As there have been problems getting the terrain replacement part of this shader working on 3.5(see here), I’m thinking about just releasing the mesh version of the shader, if anyone is interested.
It’s a shame, but can’t be helped.
Here’s a demo - please tell me if you have any problems (note, as said above this is a mesh, rather than a Unity Terrain, and also the displacement level is per splat as opposed to a single level, as in the demo): (Webplayer Demo)
The textures used aren’t the best to display relief/parallax mapping. Maybe you should try something with a different distribution of high frequency details.

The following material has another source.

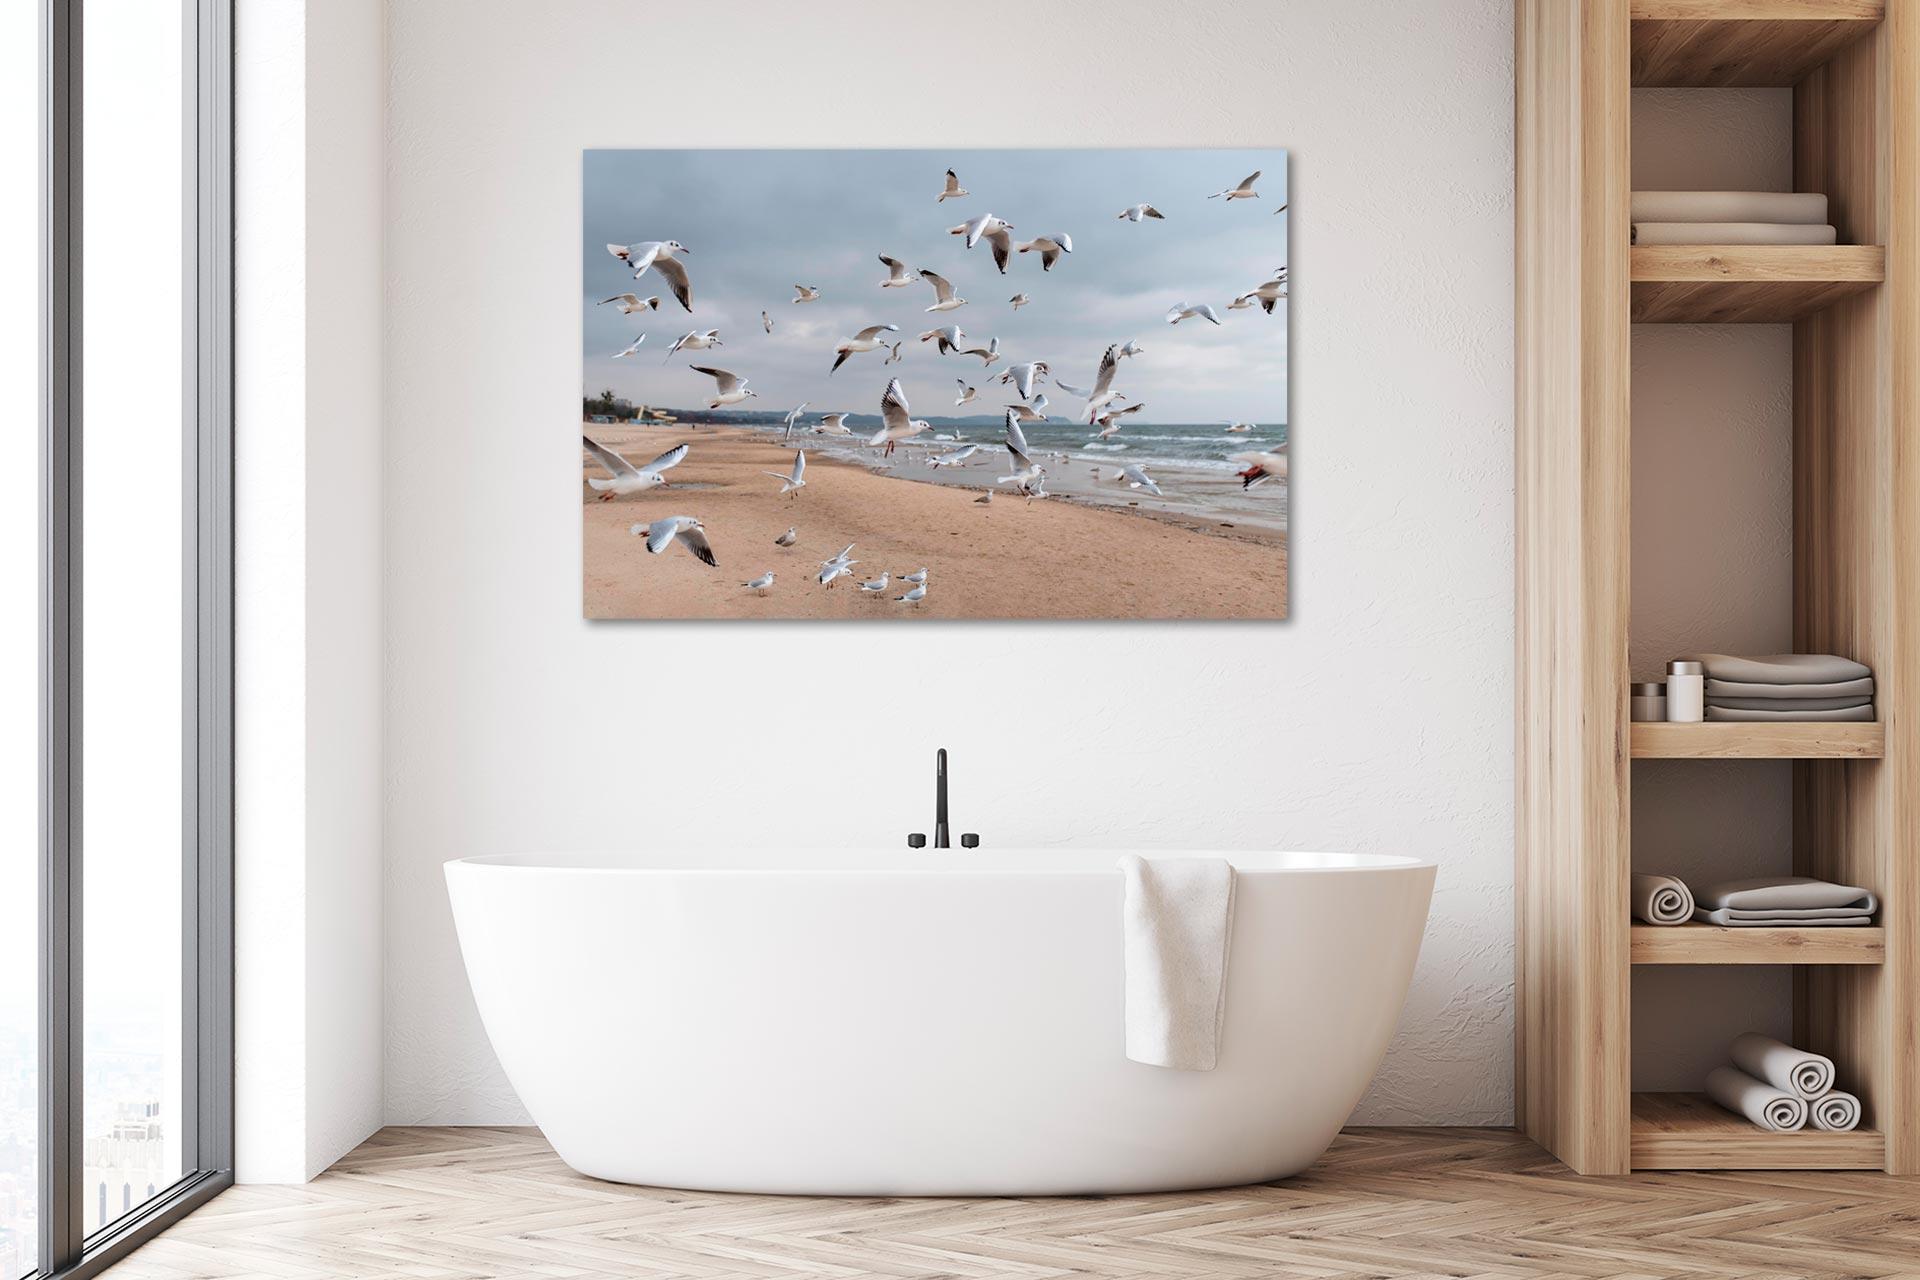 LCW490-mewa-moewe-ostsee-wandbild-leinwand-acrylglas-aludibond-bad

The textures used aren’t the best to display relief/parallax mapping. Maybe you should try something with a different distribution of high frequency details.
Right - I’ve decided to write a manual, as I think it needs one, plus it can also outline a pipeline for transferring Unity Terrains into a useable mesh.

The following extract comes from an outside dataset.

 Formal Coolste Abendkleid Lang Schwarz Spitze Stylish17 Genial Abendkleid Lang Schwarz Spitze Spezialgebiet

When I’ve completed that, I’ll decide on a price.
koyima - I agree completely - I’ll also stick up a demo which shows off the features better - starting with better textures
Well, I definitely wouldn’t suggest that amount, it seems to unfinished. Too much shimmer everywhere, etc. Would be interested in experimenting, but not for that.
How much would you suggest - it’s up in the air at the moment?
Also, if you don’t mind, could so tell me what GPU you get shimmer on? I’ve seen it on some nVidia cards(and am working on fixing it asap), but not on AMD ones so far.
Also in regards to writing the manual, that might take some time, for the same health reasons mentioned earlier.
I would be interested in the mesh shader. I am currently looking at writing my own splatmap shader for custom terrain in my game but haven’t had any luck/time to really get into it. I personally value a non-unity terrain shader more than a unity terrain shader.